According to the Florida Department of Health, Fried's presentation did not account for differences seen in communities like demographics, vaccine rates, population, etc.

"Specifically, Highlands County is inherently more rural with a significantly lower population than Miami-Dade and Broward counties – two very populous and metropolitan areas of Florida. Additionally, fewer weeks of data were utilized to calculate cases per capita for Miami-Dade as school years started at different points in time," the department wrote in a press release.

It adds that it discourages attempts to analyze data without the "appropriate application" of epidemiological methods. The DOH also expressed concerns over the data set only analyzing 33 out of Florida's 67 school districts.

RELATED: Kids 5-11 may soon be able to get Pfizer's COVID vaccine

Florida's recently appointed surgeon general, Dr. Joseph Ladapo, also chimed in on the back-and-forth saying, "[Fried's] team's analysis doesn't account for important factors beyond masks, such as testing frequency, community spread, etc. Did all these schools collect data in the same way, define cases in the same way, and mitigate spread the same way?"

Ladapo, in the past, has shared that he is against lockdowns and that he believes the decision about whether to get vaccinated should be an individual one, with people making their own health care decisions.

But where do experts stand on the information released by Fried? We reached out to Dr. Jason Salemi, an associate professor of epidemiology at the University of South Florida and Dr. Jill Roberts an epidemiologist with USF Public Health for their thoughts.

"The covid dashboard that was used for the data is very limited in what information is present. You can indeed note that cases were higher in a particular area, but without further information, it is not possible to determine the cause," Dr. Roberts wrote in an email to 10 Tampa Bay.

She adds that, ideally, a large difference in cases would have been noted during Fried's team's data collection and an independent analysis would have been called for to investigate the cause.

"There are a large number of epidemiologists tracking covid that may have been of great use here, and still could be," she wrote.

Dr. Roberts also pointed to two recent analyses published by the CDC that determined mask-wearing in schools has "significantly decreased" COVID's burden during the delta variant surge. You can find those here and here.

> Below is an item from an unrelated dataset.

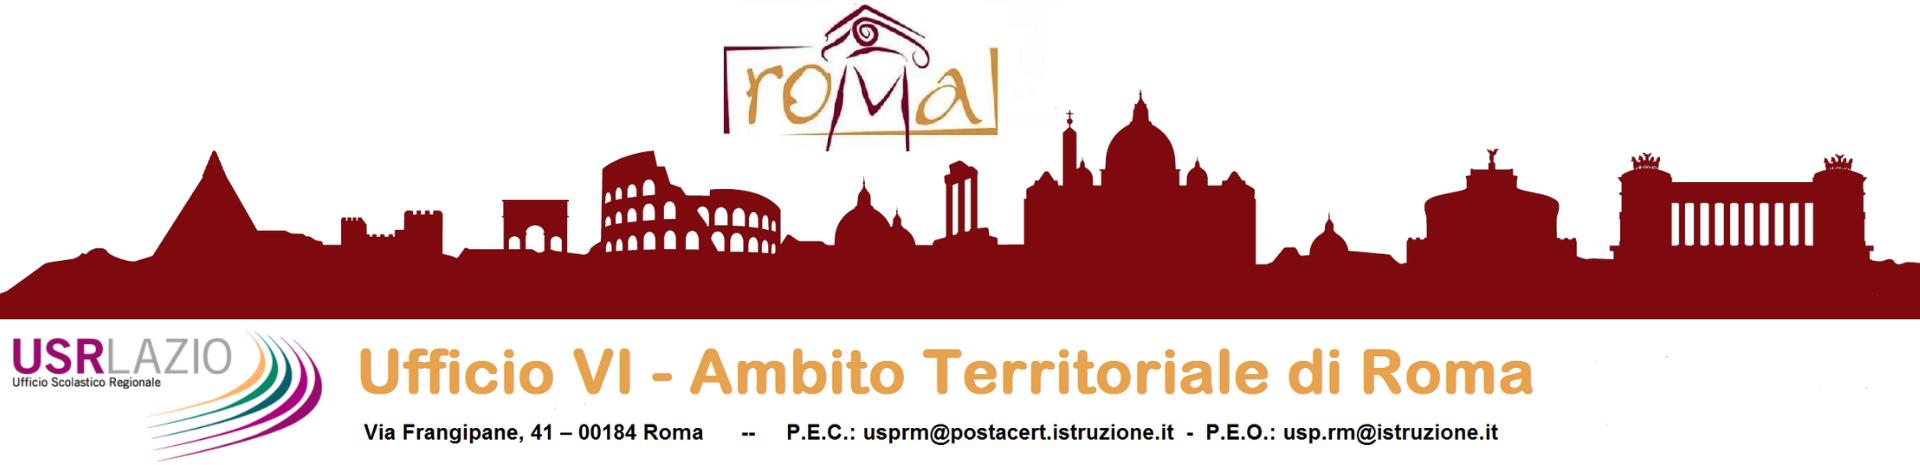 Ufficio VI – Ambito Territoriale di Roma
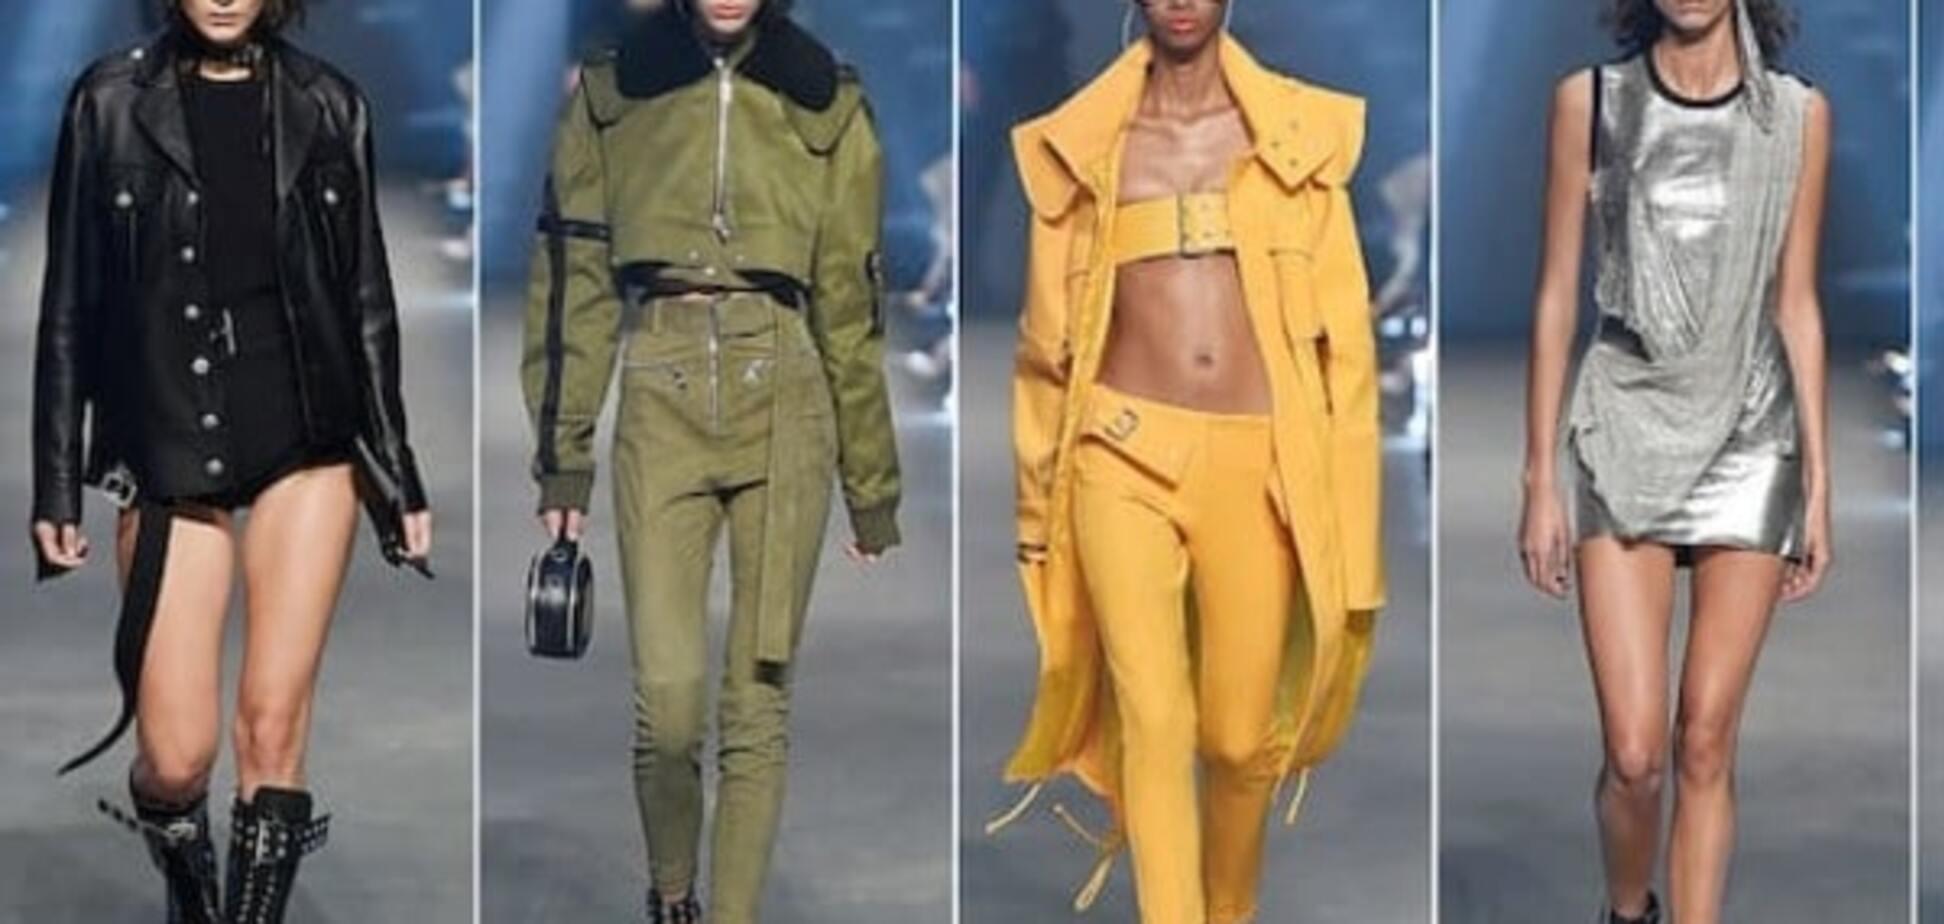 Белла Хадид в мини-шортах и косухе блистала на показе Versus Versace в Лондоне

RELATED: The impacts of thousands of teacher vacancies across the state

As for Dr. Salemi, he says without a central repository of information related to school-based COVID cases, "it appears as though someone has only been able to abstract data from county-level dashboards that provide sufficiently granular data."

He adds that concern should have been given to several factors including how each school district collects its data, the completeness of reporting, how the information makes it to a school district's dashboard, and the differences in testing protocols.

"These points are not criticisms of the analysis, but they do need to understand and communicate how imperfect the data are in trying to investigate this issue," he wrote.

Dr. Salemi also pointed out an issue he found on a cursory review of the FDACS spreadsheet. 

"The 'peak per cap' numbers are incorrect for Dade and Broward by more than a factor of 10. There are no formulas within the spreadsheet, so it’s hard to tell how these errors were made," he explained.

Regardless of the noted limitations of Fried's office's report, Dr. Salemi says the data abstracted would still show a higher percentage of infected students in counties that have parental opt-outs or no mask requirements compared to those with medical opt-outs only.

But that doesn't mean the data used to determine that is perfect. 

"These data are too flawed and have too many caveats to claim the indisputability of the findings. So, to me, scientific communication of the results and the limitations is absolutely critical and is one thing I certainly would have done differently, even if this particular analysis was more robust," Dr. Salemi wrote.